Jeszcze pod koniec lipca ubiegłego roku magistrat zapewniał, że żadnych kłopotów z Pilkingtonem nie ma. Mimo, że na mapach i opracowaniach widać wyraźnie, iż budowa nowej trasy miałaby przeciąć zakład produkcyjny praktycznie na połowę, urzędnicy temu zaprzeczali. Biuro Komunikacji Społecznej Prezydenta Białegostoku zapewniało nas i wszystkich zainteresowanych, że nic złego się nie wydarzy, ponieważ obecna koncepcja budowy szerokopasmowej ulicy zakłada drogi dojazdowe do przedsiębiorstwa.
- Trasa będzie wprawdzie przebiegać przez fragment działki, ale przy jej granicy i prawdopodobnie będzie kolidować jedynie z dwiema dobudówkami do głównej, największej hali. Obecnie, koncepcja przebiegu drogi przewiduje wybudowanie drogi dojazdowej do obiektów użytkowanych przez firmę Pilkington – tłumaczyła nam w lipcu ubiegłego roku Urszula Boublej.
Jednocześnie dodawała, że firma nie zgłaszała wobec tego projektu żadnych uwag. Ale albo te uwagi firmy nie były brane pod uwagę, albo kolejny raz magistrat mijał się z prawdą i nie chciał się przyznać, że zakłady produkcyjne już wcześniej apelowały o zmianę przebiegu zachodniej obwodnicy Białegostoku.
Tymczasem na to, co się obecnie dzieje zareagowali radni Prawa i Sprawiedliwości.

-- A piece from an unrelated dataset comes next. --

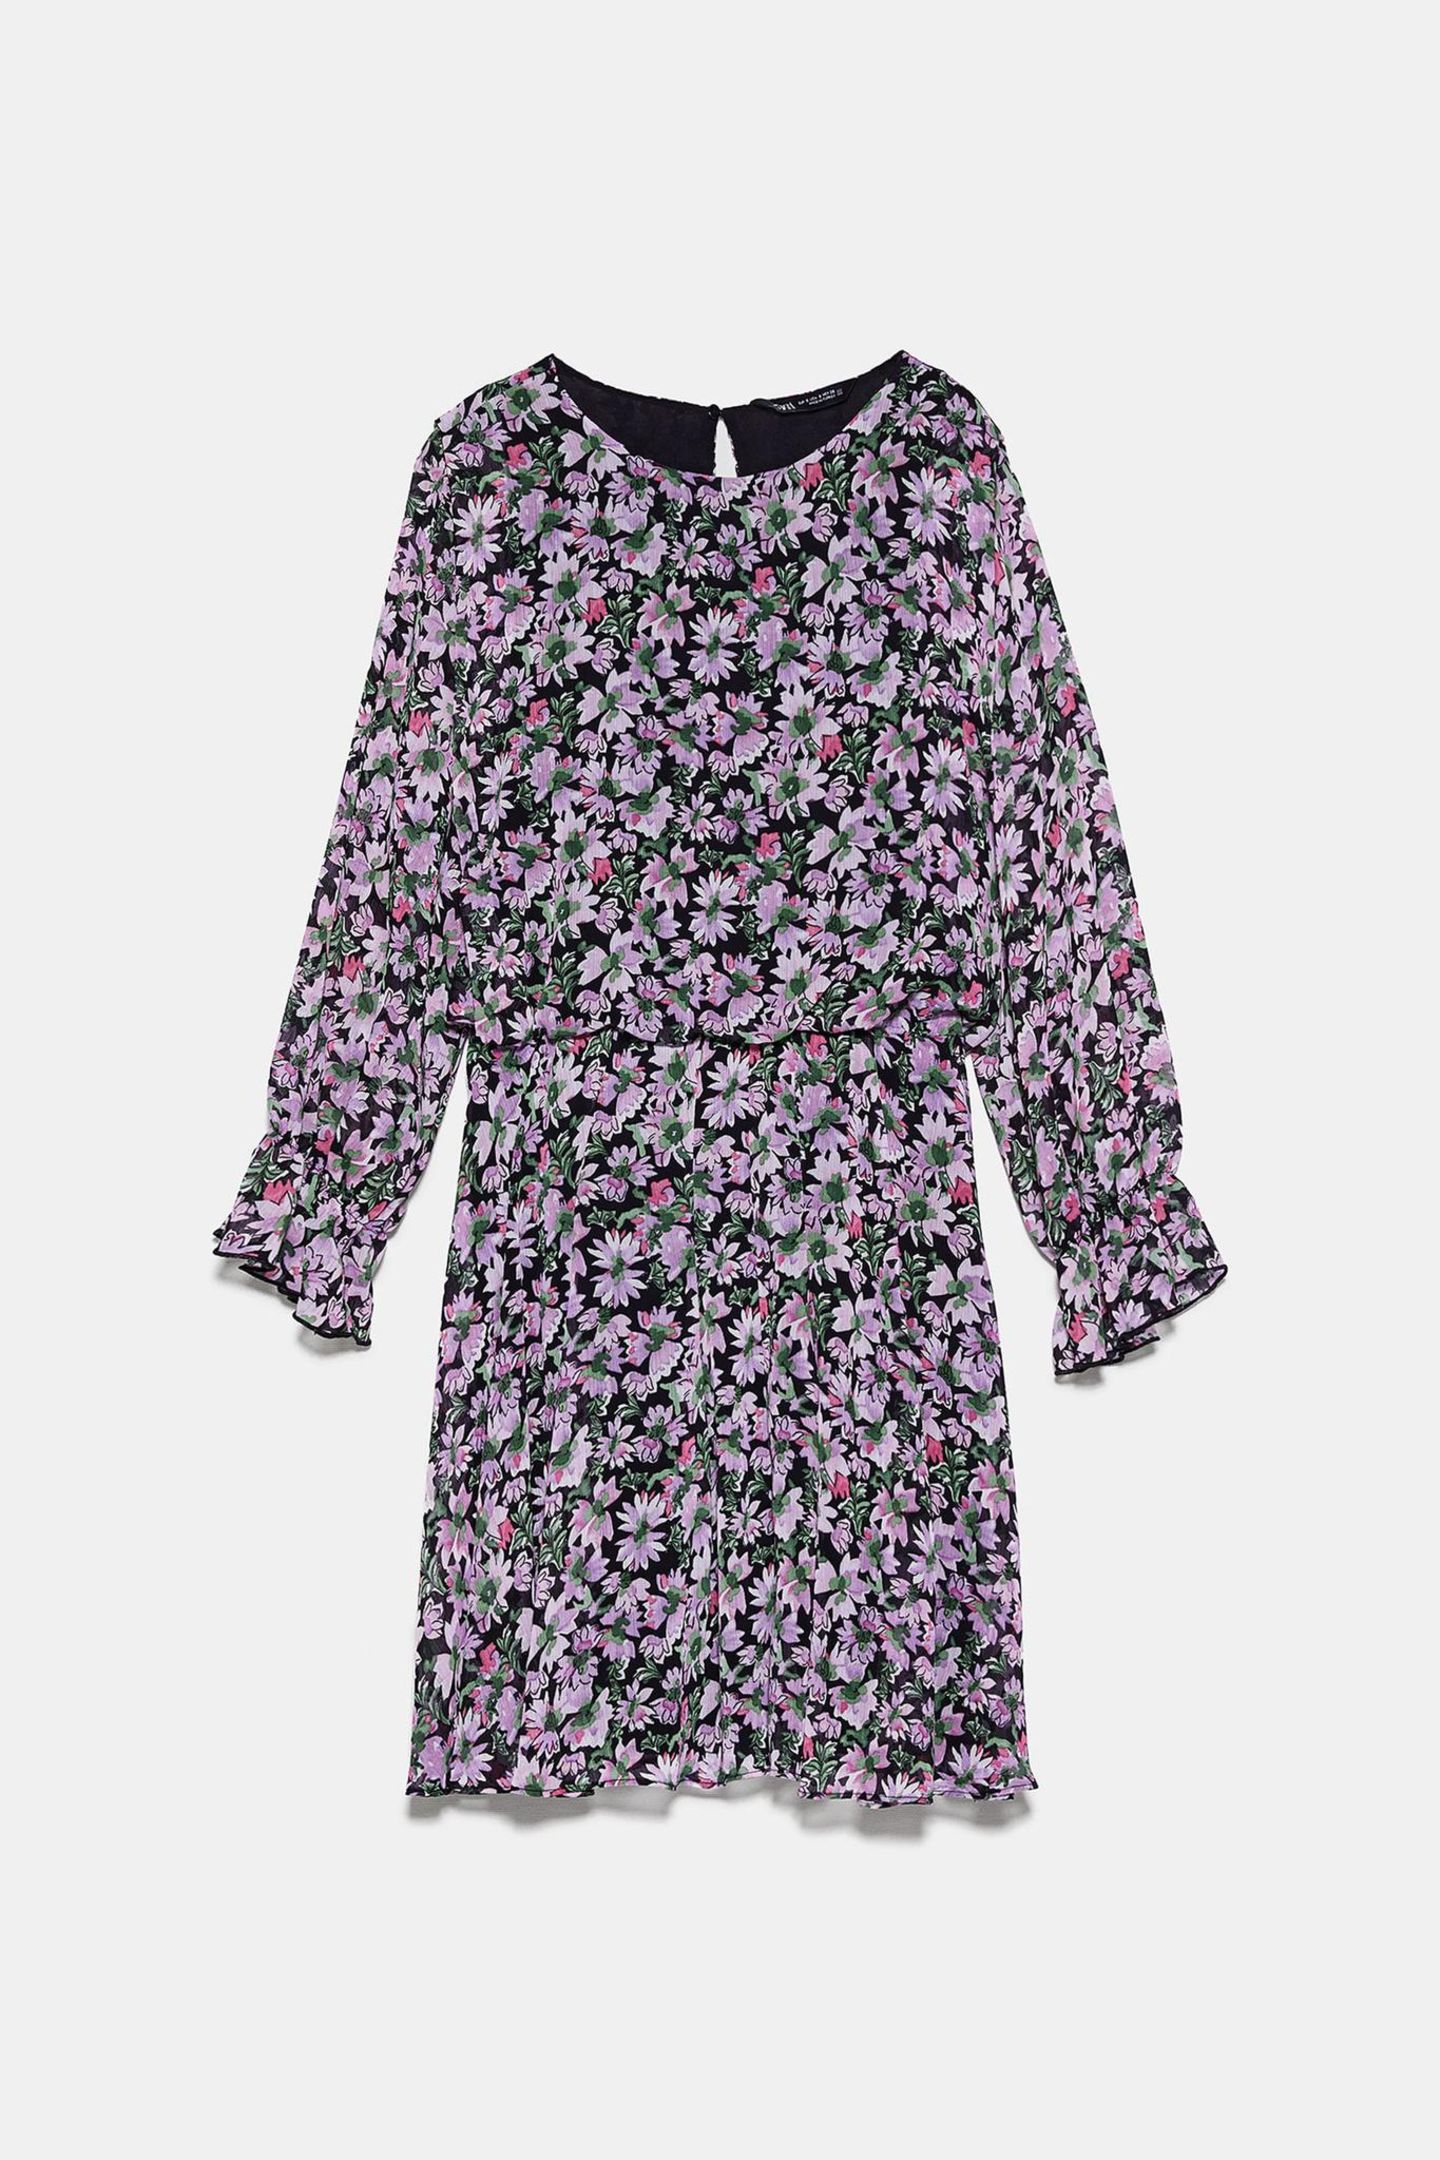 Lilac, beziehungsweise Flieder, ist DIE Trendfarbe 2020 und wir können es jetzt schon kaum erwarten, unseren Kleiderschrank auf Lila umzurüsten. Den Anfang macht dieses zuckersüße Blümchenkleid von Zara. Um 40 Euro.

Wczoraj pod siedzibą Pilkingtona apelowali do Prezydenta Białegostoku o szybkie podjęcie rozmów z przedstawicielami tej firmy. Przekonywali, że przecież są inne, możliwe warianty poprowadzenia zachodniej obwodnicy Białegostoku. Ich zdaniem należy jak najszybciej podjąć dialog w tej sprawie – po to – by droga nie przebiegała przez halę produkcyjną ani tej firmy, ani żadnej innej.
- My radni Prawa i Sprawiedliwości nie jesteśmy przeciwko budowie dróg. Ale jesteśmy przeciwni budowie dróg z pominięciem przedsiębiorców. Leży nam na sercu dobro tego zakładu. Wpisaliśmy tę inwestycję do budżetu, jednakże nie zgadzamy się na budowę obwodnicy w kształcie zaproponowanym przez prezydenta Truskolaskiego – powiedział Konrad Zieleniecki, radny PiS i jednocześnie przewodniczący Komisji Zagospodarowania Przestrzennego.
- Nie damy pieniędzy na tę obwodnicę. Nie pozwolimy, żeby 150 miejsc pracy likwidować ot tak sobie. Przychodzimy tutaj, bo został wystosowany apel pracowników tej firmy. Zwracają się do nas czytelnie – pomóżcie, bo jeżeli nie zrobicie nic, ta firma się stąd zwinie i Pilkingtona w Białymstoku już nie będzie. Ja, jako radny Piotr Jankowski nie podniosę ręki za budżetem, ani za tym, aby obwodnica powstała w takim kształcie. „Nie” dla likwidacji miejsc pracy. „Nie” dla nierozsądnych decyzji – dodawał Piotr Jankowski.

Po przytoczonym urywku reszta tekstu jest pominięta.